COUNTY OF New York )

          I, Nichole Atkinson a Notary Public, in and for the County and State
aforesaid, DO HEREBY CERTIFY that Marc Furstein, as COO of Stonewater Dox
Funding LLC, a Delaware limited liability company, personally known to me to be
the same person whose name is subscribed to the foregoing instrument, appeared
before me this day in person and acknowledged to me that (he/she), being
thereunto duly authorized, signed and delivered said instrument as the free and
voluntary act of said corporation, each of said limited partnerships and said
limited liability company and as (his/her) own free and voluntary act, for the
uses and purposes set forth therein.

          GIVEN under my hand and notarial seal this 19 day of Nov., 2003.

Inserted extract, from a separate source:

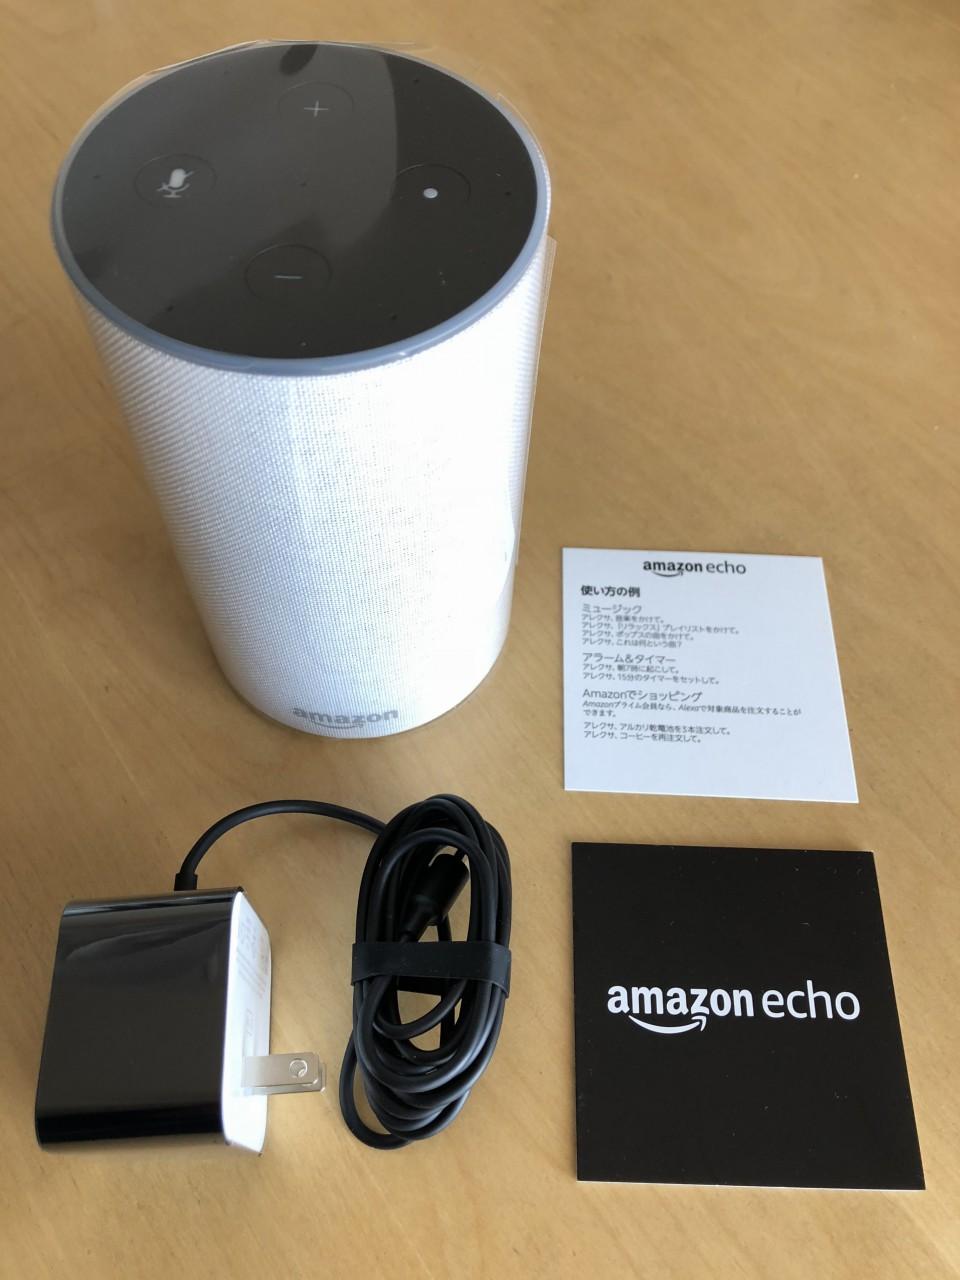 Amazon Echo同梱物

                                        Notary Public


My Commission expires:                  /s/ Nikhole Atkinson
                       --------------   ----------------------------------------
                                        NIKHOLE ATKINSON
                                        Notary Public, State of New York
                                        No. 01AT6095553
                                        Qualified in New York Country
                                        Commission Expires July 14, 2007



                                                             Loan No. 31-0901388

                                    EXHIBIT A

                               DESCRIPTION OF LAND

Exhibit A to MORTGAGE AND ABSOLUTE ASSIGNMENT OF RENTS AND LEASES AND SECURITY
AGREEMENT (AND FIXTURE FILING) ("Mortgage") among STONEWATER DOX FUNDING LLC, as
"Mortgagor", and WELLS FARGO BANK, NATIONAL ASSOCIATION, as "Mortgagee".

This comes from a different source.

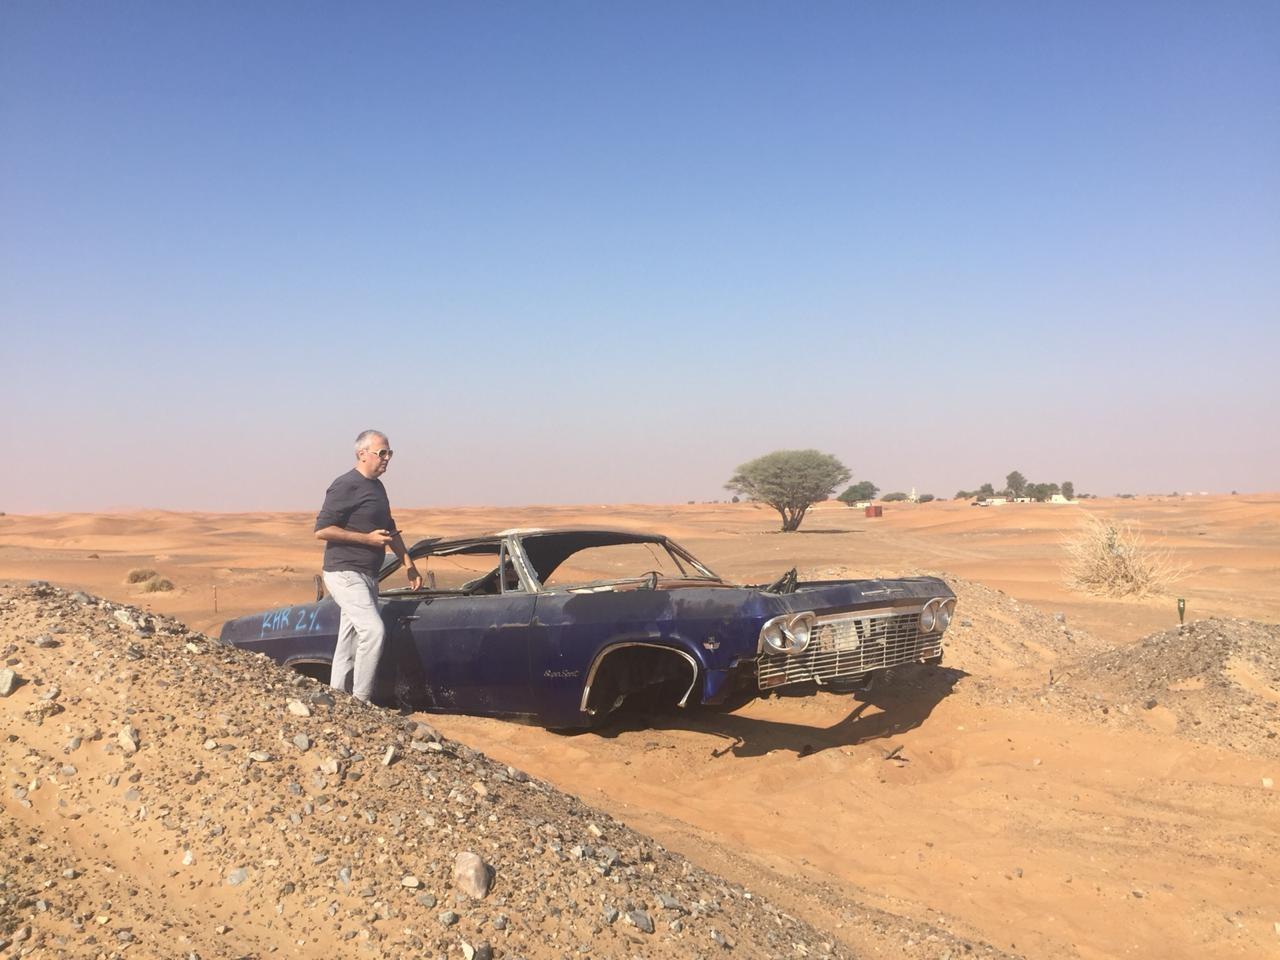 Akram Zaatari, The Making of 'The Landing' (2019)

Description of Land. The Land referred to in this Mortgage is situated in the
County of Champaign, state of Illinois and is described as follows:

Tract 1:

Lot 4 in Final Plat of Lot 4 of Par 3 Development Subdivision, as per Plat
recorded as Document 98R 28668, situated in Champaign County, Illinois.

Tract 2:

Lots 5 and 6 of Final Plat of Lots 5, 6 and 7 of Par 3 Development Subdivision,
a Subdivision in the City of Champaign, Champaign County, Illinois, as per plat
recorded July 10,1996 in Plat Book "CC" at page 185 as Document 96R 17100.

Tract 3:

Lot 7 of Final Plat of Lots 5, 6 and 7 of Par 3 Development Subdivision, a
subdivision in the City of Champaign, Champaign County, Illinois, as per plat
recorded July 10, 1996 in Plat Book "CC" at page 185 as Document 96R 17100.

Tract 4:

Lot 3 of Final Plat of Lot 3 Par 3 Development Subdivision recorded as Document
98R 14068, situated in Champaign County, Illinois.